Tor barakae
- Conservation status: Near Threatened (IUCN 3.1)

Scientific classification
- Kingdom: Animalia
- Phylum: Chordata
- Class: Actinopterygii
- Order: Cypriniformes
- Family: Cyprinidae
- Genus: Tor
- Species: T. barakae
- Binomial name: Tor barakae (Arunkumar & Basudha, 2003)

= Tor barakae =

- Authority: (Arunkumar & Basudha, 2003)
- Conservation status: NT

Species of fish

Tor barakae is a species of mahseer native to Manipur, India.

==Taxonomy==
This mahseer was described as a distinct species due to taxonomic differences between it and the other mahseers of the trans-Himalayan region; Tor putitora, Tor tor and Tor mosal. In the description paper, many of the taxonomic features used for comparison do not reference the original descriptions of those species, rather, the referenced data are from more recent studies by Indian ichthyologist Menon. However, compared to Hamilton's original descriptions of the mahseers of trans-Himalaya, the meristic counts for the pectoral fin bear consideration. Tor barakae has 14 rays in this fin, whereas Tor putitora has 15, Tor tor has 18 and Tor mosal has 17.

==Distribution==
So far, the little research conducted on this mahseer species has all been done in the Barak River, mostly in the Indian state of Manipur. Given that this is a trans-boundary river, shared between India and Bangladesh, it may be assumed that Tor barakae is a resident of both.
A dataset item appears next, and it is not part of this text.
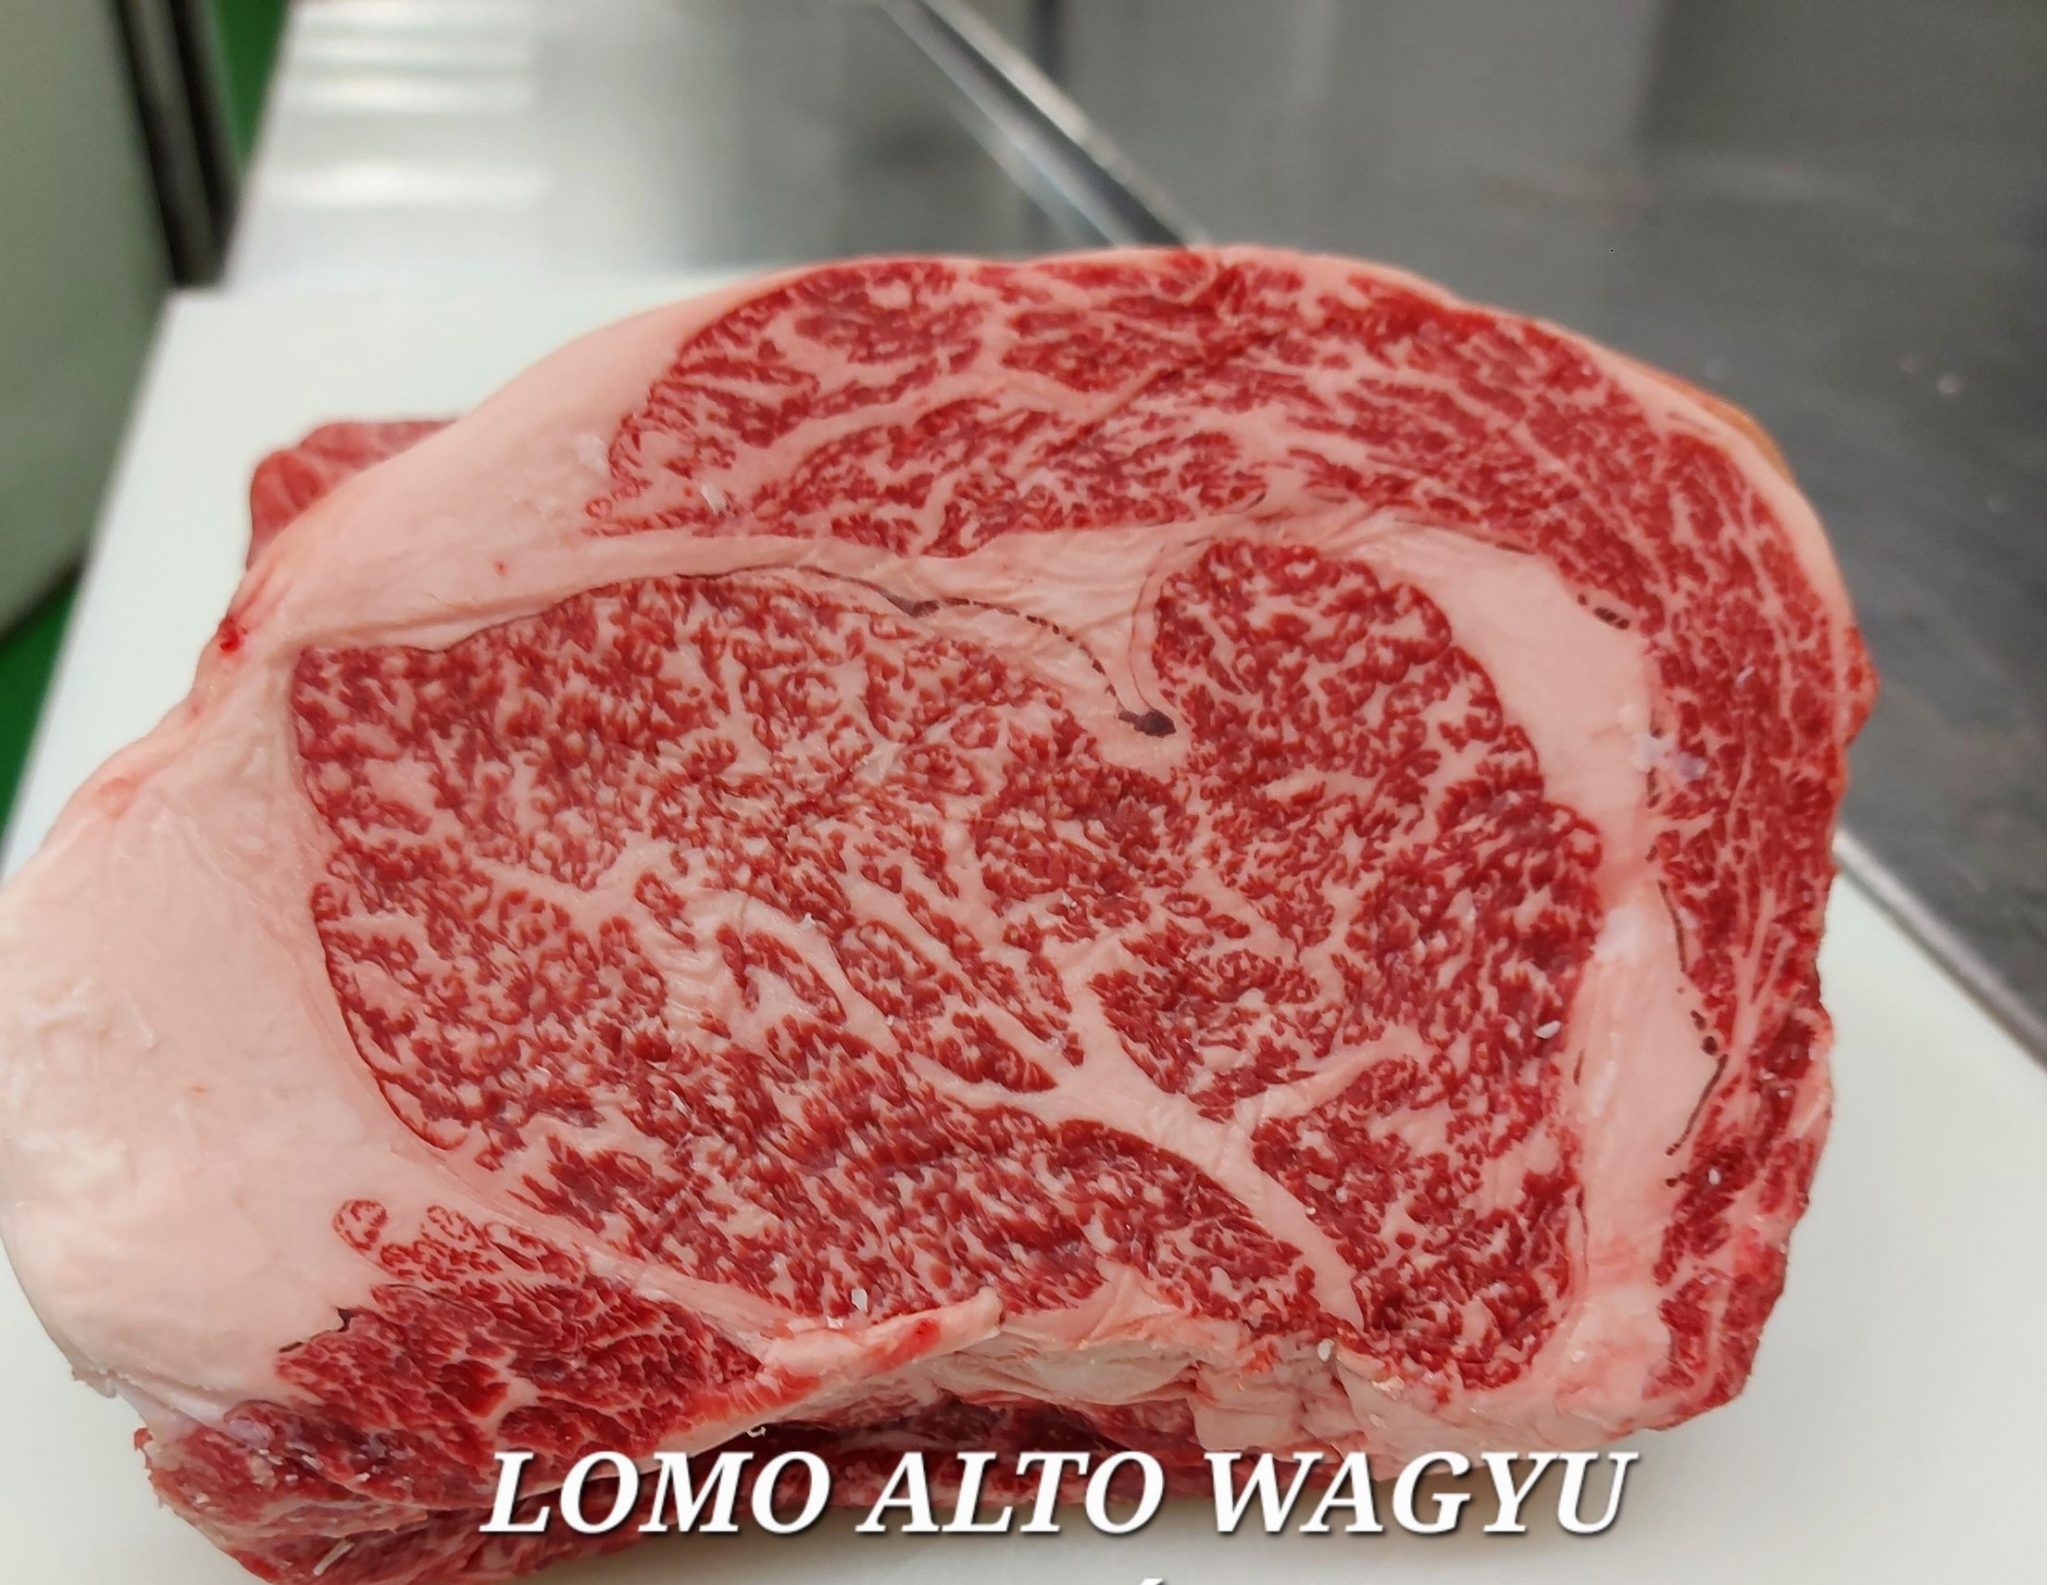 A qué sabe la carne de wagyu?

Wider distributions within the Brahmaputra River basin are not yet ascertained. Its presence in Bangladesh is confirmed using DNA barcoding of mahseer from the Sangu River.

In the Barak Bridge area where the initial studies were conducted, this fish is called 'Nung nga'.

==Ecology==
As all other mahseer species are omnivorous, it may be expected that Tor barakae is the same, with a diet that likely includes aquatic and terrestrial invertebrates, fruit and vegetation, small amphibians and other fish. It would seem probable that adult fish access headwaters for spawning during high water conditions.

==Conservation==
This species is currently assigned as Near Threatened by the IUCN. Given that the species is identified from the capture of only five specimens, and that little work has been done beyond the initial identification, the major constraining factor in any conservation strategy is the complete lack of understanding of the distribution and ecology of the species and how or if it interacts with other local mahseer species within the same habitat.
With other mahseer species, the main threats are: loss of habitat due to urbanisation, encroachment on flood plains, dam building, sand extraction and pollution. Destructive fishing methods like dynamite, poisoning and electricity are in common use throughout South and Southeast Asia, and may be expected to be a major threat to the sustainability of populations.

There has been some work completed on the habitat suitability and capabilities of the river system to support mahseers and other fishes . Given that the Barak River is known to be very dynamic, the plans to straighten and dredge the river for use as part of the national water highway system must raise the level of threat to these fish.